Work request
Given the records underneath, please repeat exactly the lines from the line with "American 1970s vintage" through the line with "File photo dated", passing over any picture.

Records to process
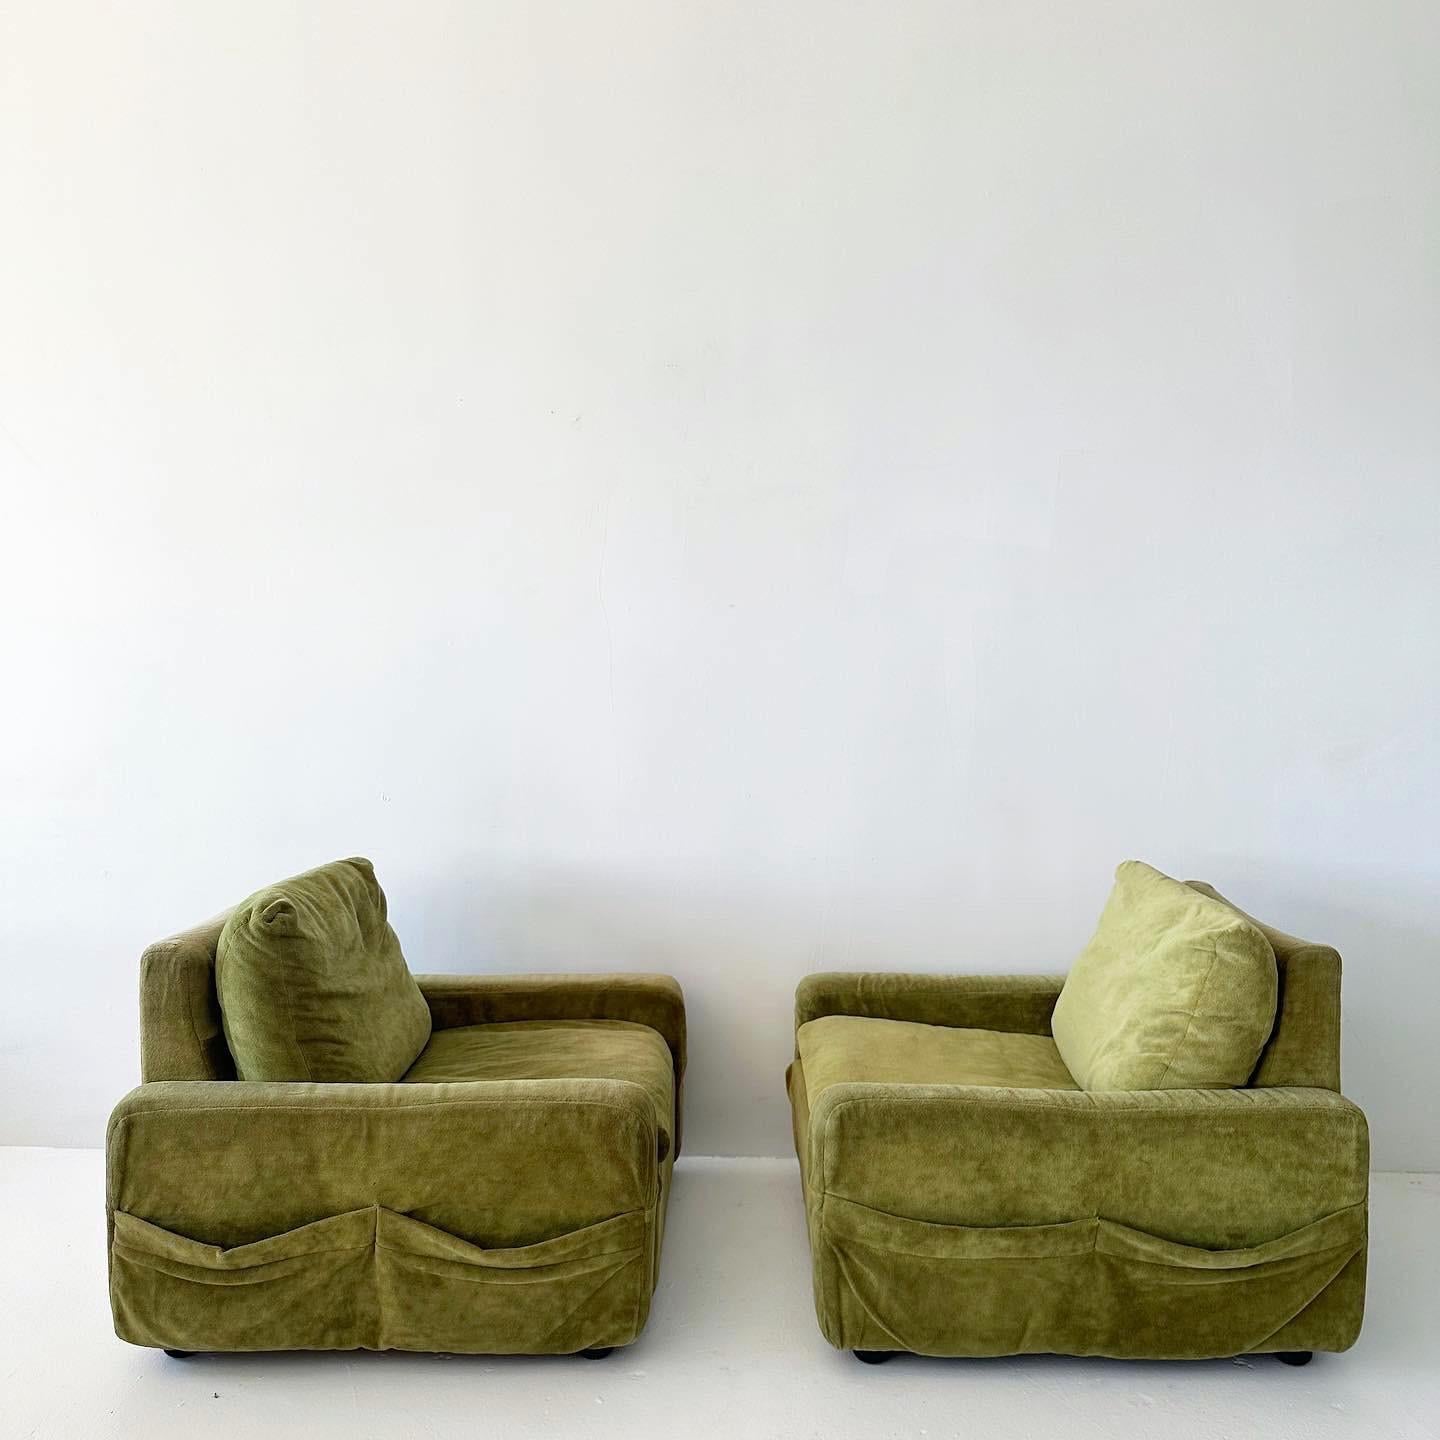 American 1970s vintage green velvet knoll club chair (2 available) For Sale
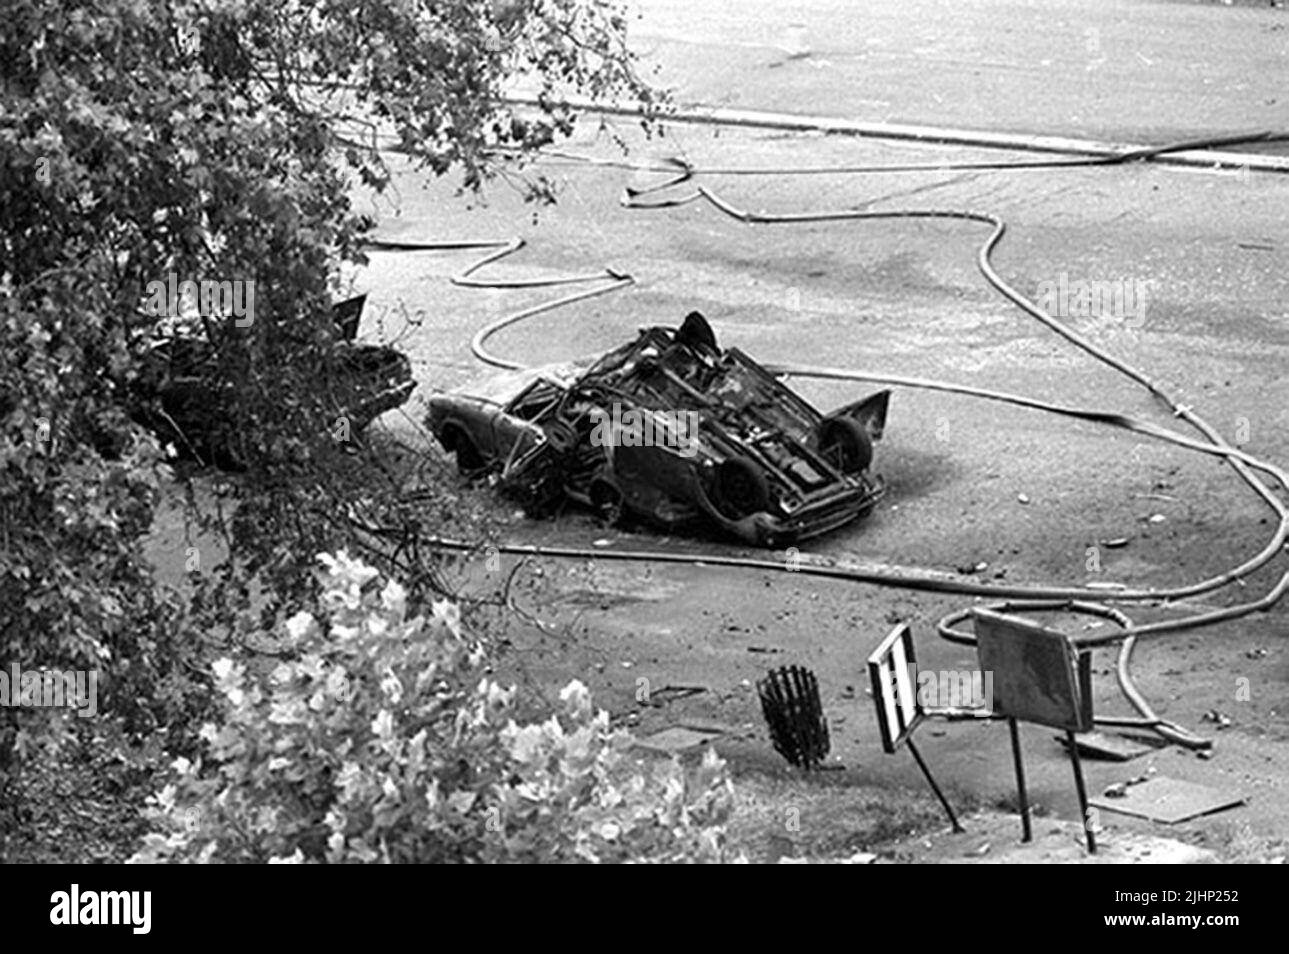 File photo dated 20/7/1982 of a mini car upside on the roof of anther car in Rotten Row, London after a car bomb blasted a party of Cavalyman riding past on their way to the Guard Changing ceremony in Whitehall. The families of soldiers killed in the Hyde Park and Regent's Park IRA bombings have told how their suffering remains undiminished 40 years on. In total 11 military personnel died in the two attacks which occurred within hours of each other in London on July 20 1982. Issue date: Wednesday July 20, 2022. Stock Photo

* * *

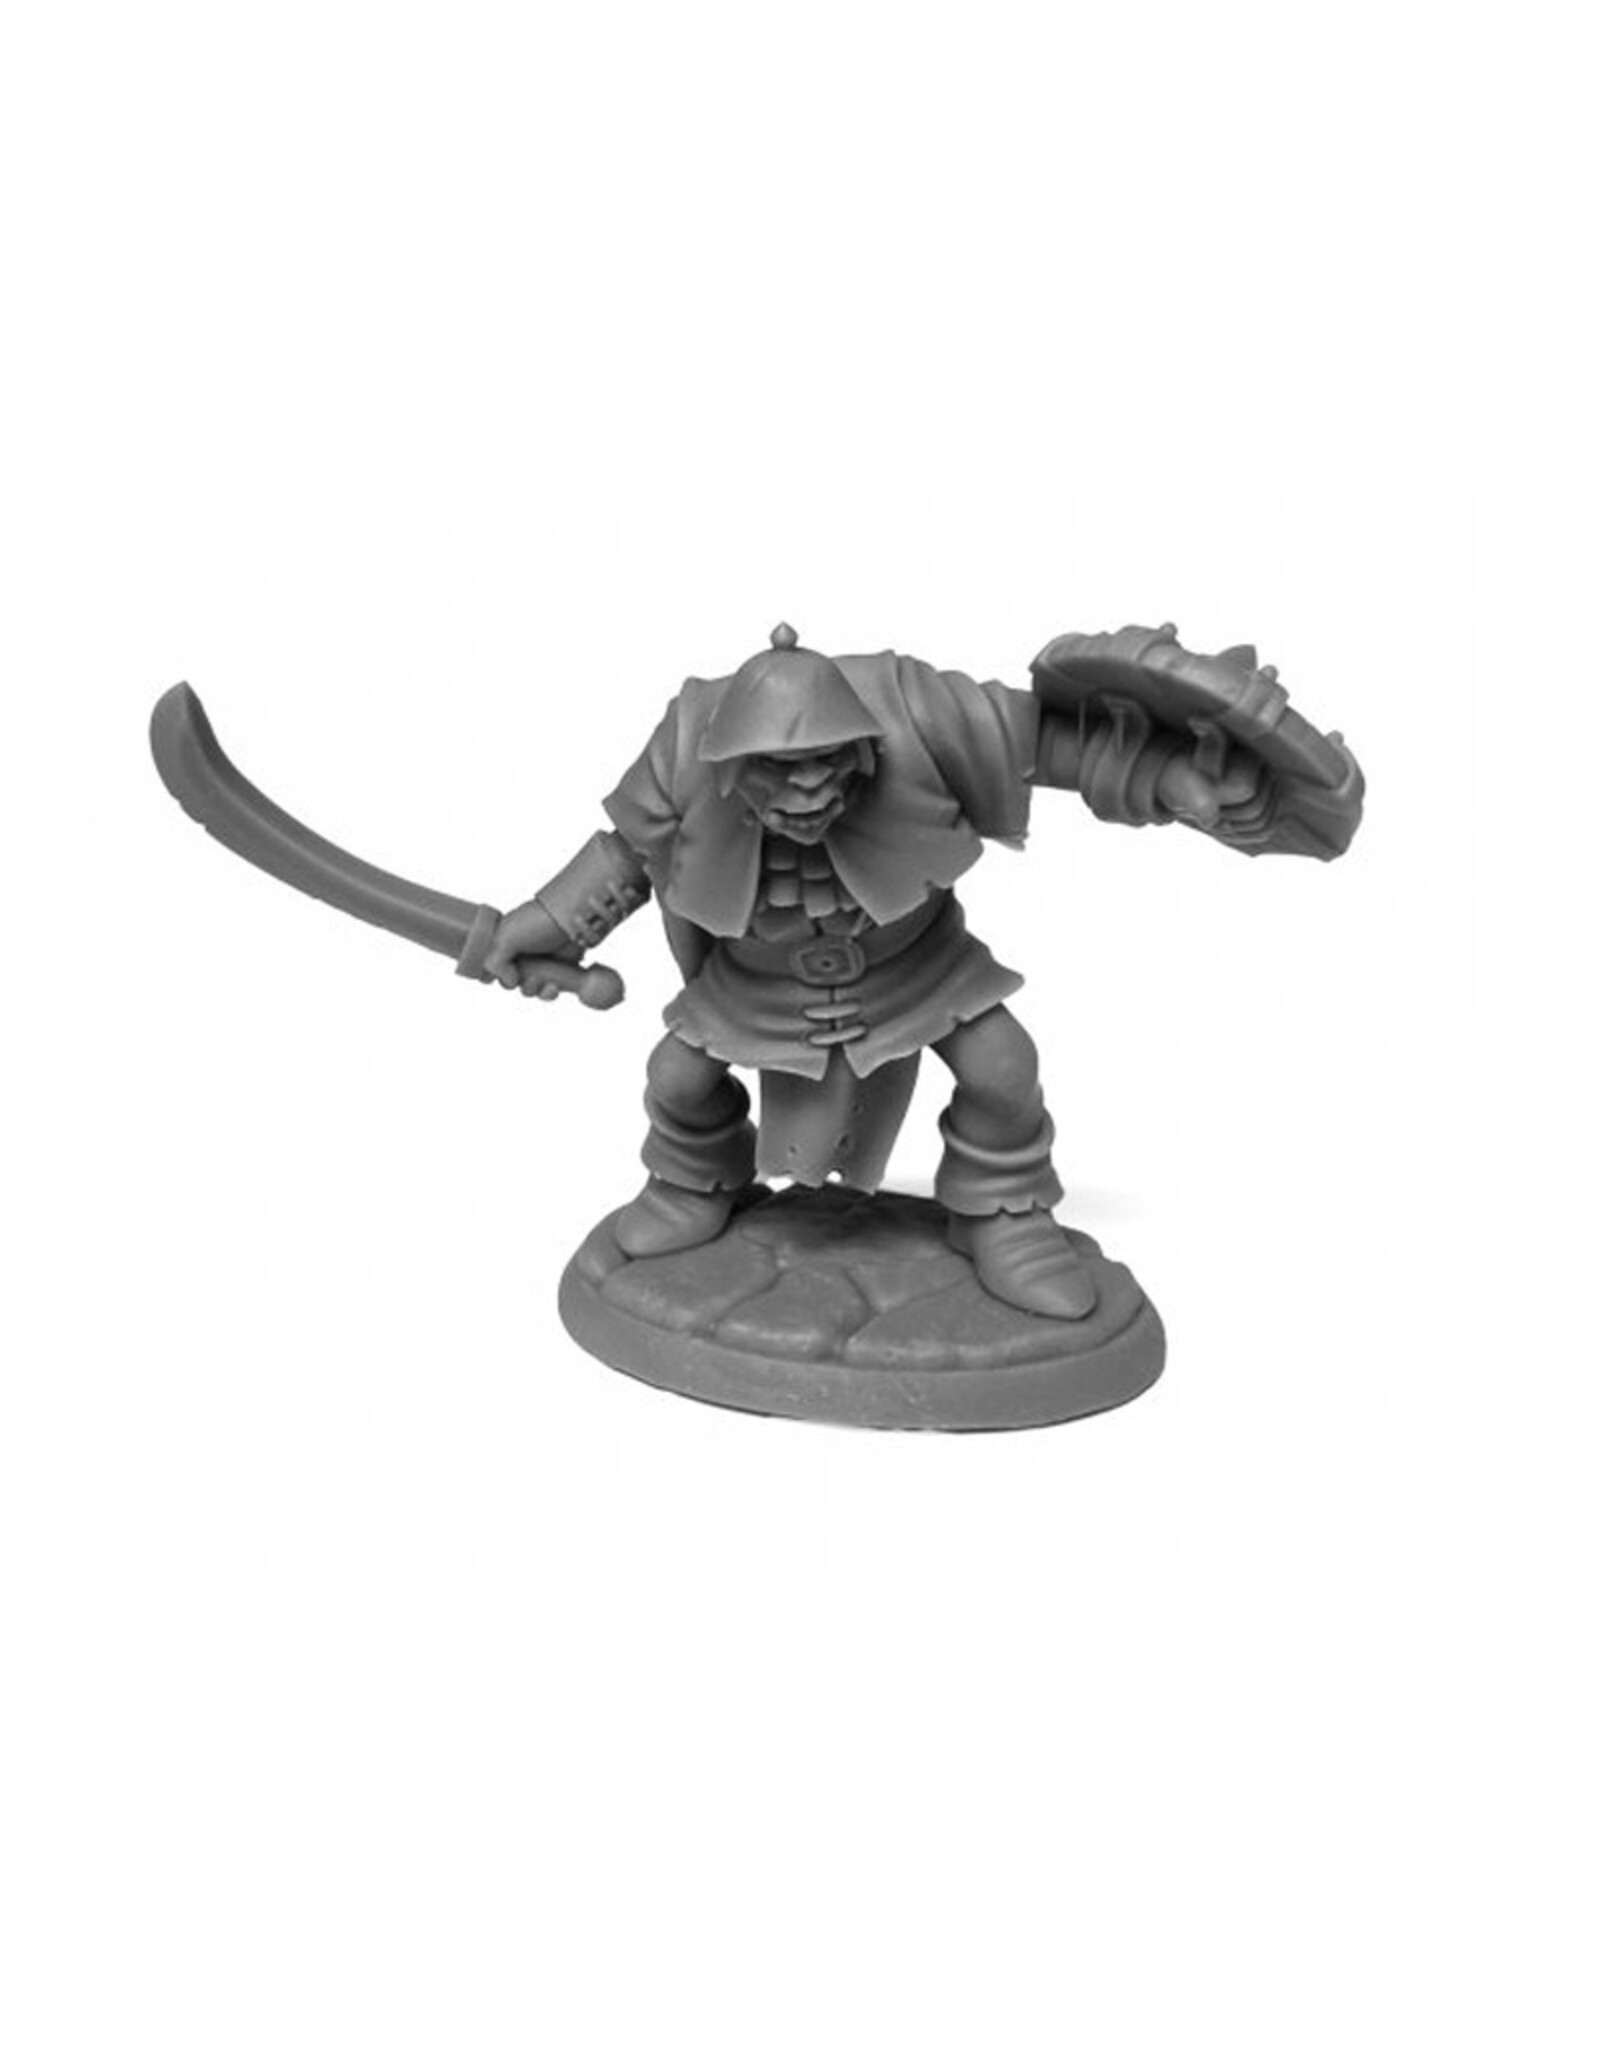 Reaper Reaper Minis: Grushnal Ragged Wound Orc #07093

Result for this exercise
 American 1970s vintage green velvet knoll club chair (2 available) For Sale
 File photo dated 20/7/1982 of a mini car upside on the roof of anther car in Rotten Row, London after a car bomb blasted a party of Cavalyman riding past on their way to the Guard Changing ceremony in Whitehall. The families of soldiers killed in the Hyde Park and Regent's Park IRA bombings have told how their suffering remains undiminished 40 years on. In total 11 military personnel died in the two attacks which occurred within hours of each other in London on July 20 1982. Issue date: Wednesday July 20, 2022. Stock Photo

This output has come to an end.